Lone Stars III By Karoline Patterson Bresenhan and Nancy O'Bryant Puentes Buy It Now |
Quilting has evolved from utilitarian craft to an expressive art form.
By Steve Bennett
The quilt is more than a security blanket. It can be a family heirloom, a work of art, a snapshot of history, a tangible connection to a person or place long gone, a political statement, a therapeutic release or, in the case of the quilting bee, a community project. Perhaps most of all, it is an expression of pride. To be sure, it is all of these and more. Most owners of a quilt passed down through generations wouldn't take a million dollars for it.

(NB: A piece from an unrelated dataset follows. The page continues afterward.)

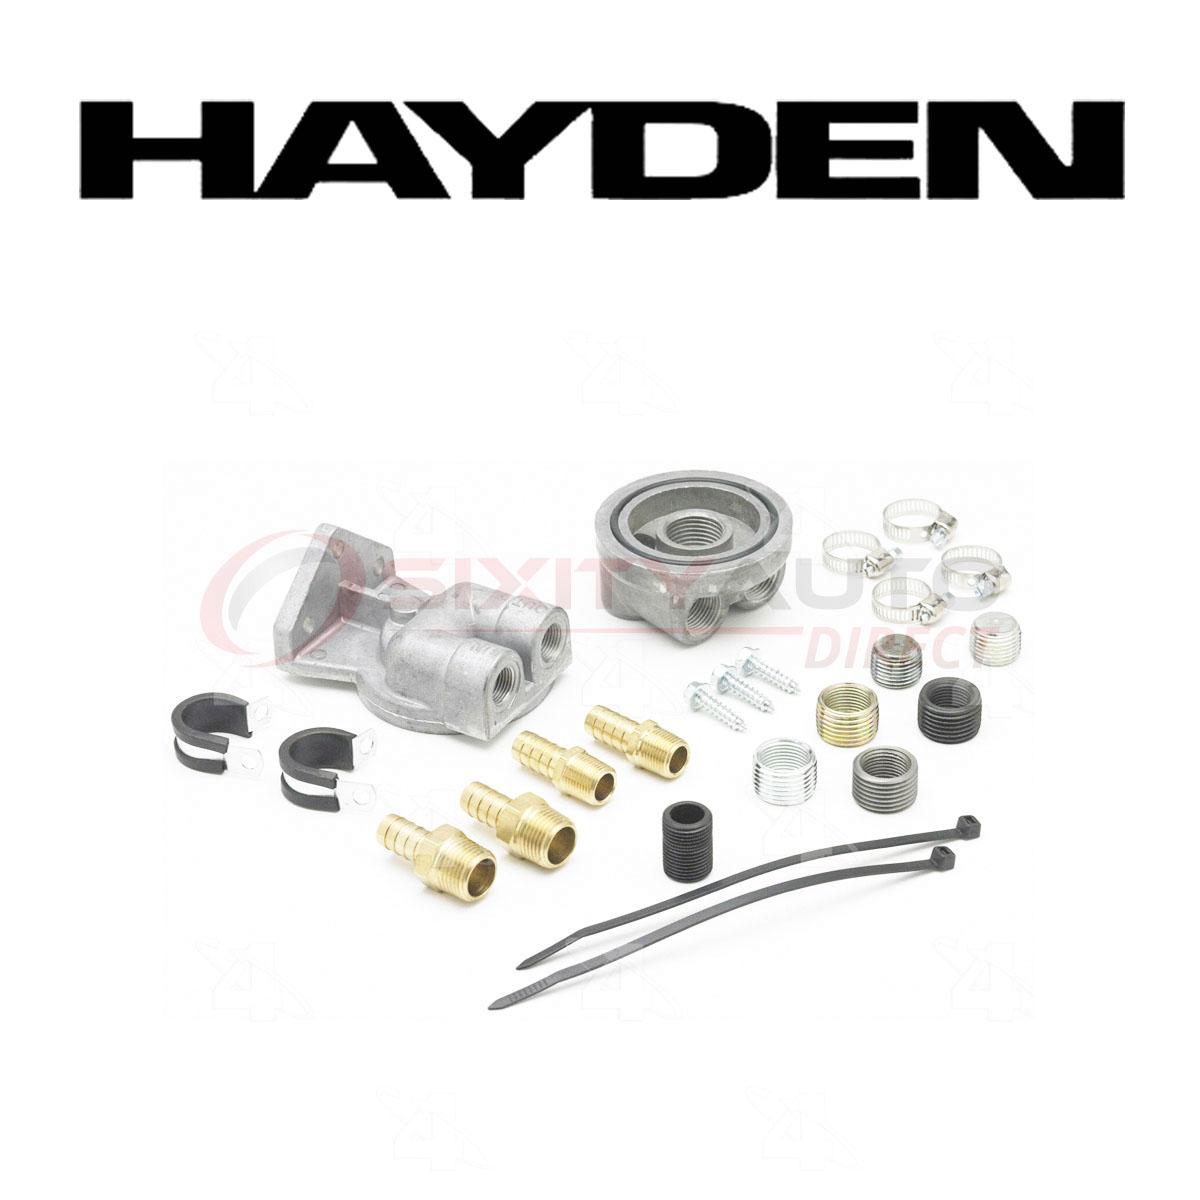 Hayden Oil Filter Remote Mounting Kit for 2000-2002 Mazda

“I haven't met a quilt I didn't love,” says San Antonio quilt artist Leslie Tucker Jenison. “The quilt and quiltmaking is really a good lens to look at history, especially women's history, although there are men quilters nowadays. But it has been and remains basically a women's art form.”
Quilts, notes Nancy O'Bryant Puentes, co-author of a trilogy of beautifully illustrated books on nearly two centuries of Texas quilting, are linked to the entire life cycle, “from conception, to birth, to death.”

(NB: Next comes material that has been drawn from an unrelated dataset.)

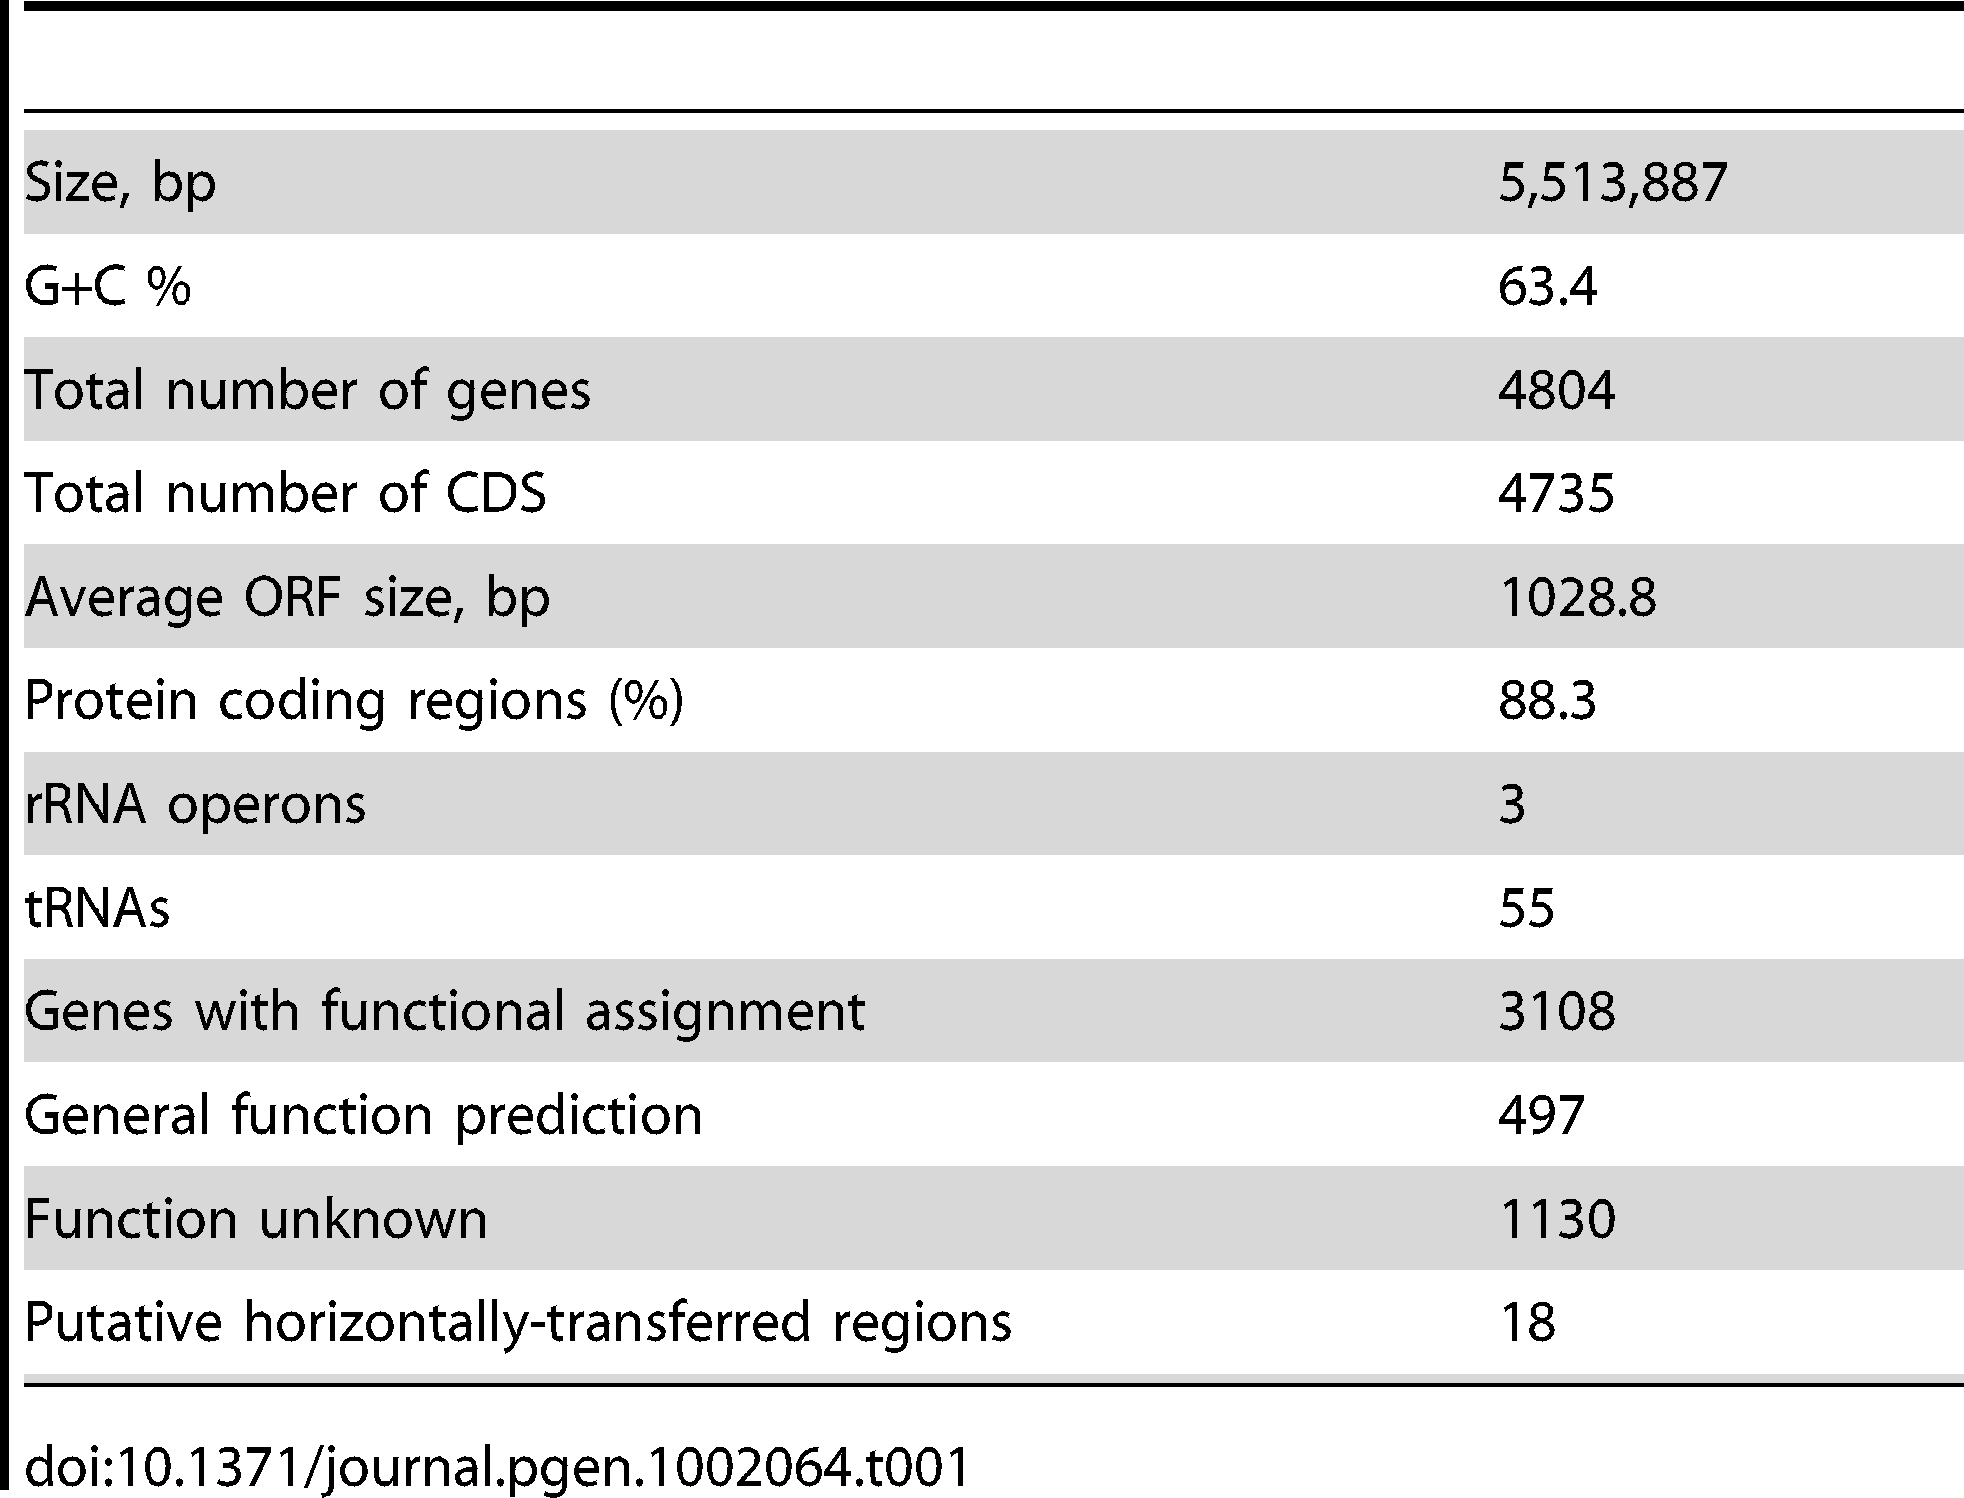 General features of the genome of <i>Herbaspirillum seropedicae</i> SmR1.

“And,” she adds, “they seem to fill some primal need not only for cover, but for self-expression.”
Basically, a quilt is three layers of fabric, stitched together (although some say two layers will suffice).
Quilters come down on two basic sides: those who believe traditional methods and patterns constitute the quilt, and those who create “art quilts,” often abstracted or touching on headline events, which can involve many artistic processes, including dyeing, batik, painting and embellishing surfaces with everything from sequins to buttons. Traditional quilters generally disdain the art crowd, while art quilters cling to the notion that anything goes. Both, apparently, are right.
Today, the art of quilting, which dates back to ancient Egypt, is big business. Some 21 million quilters in the United States spend $3.6 billion annually on their passion.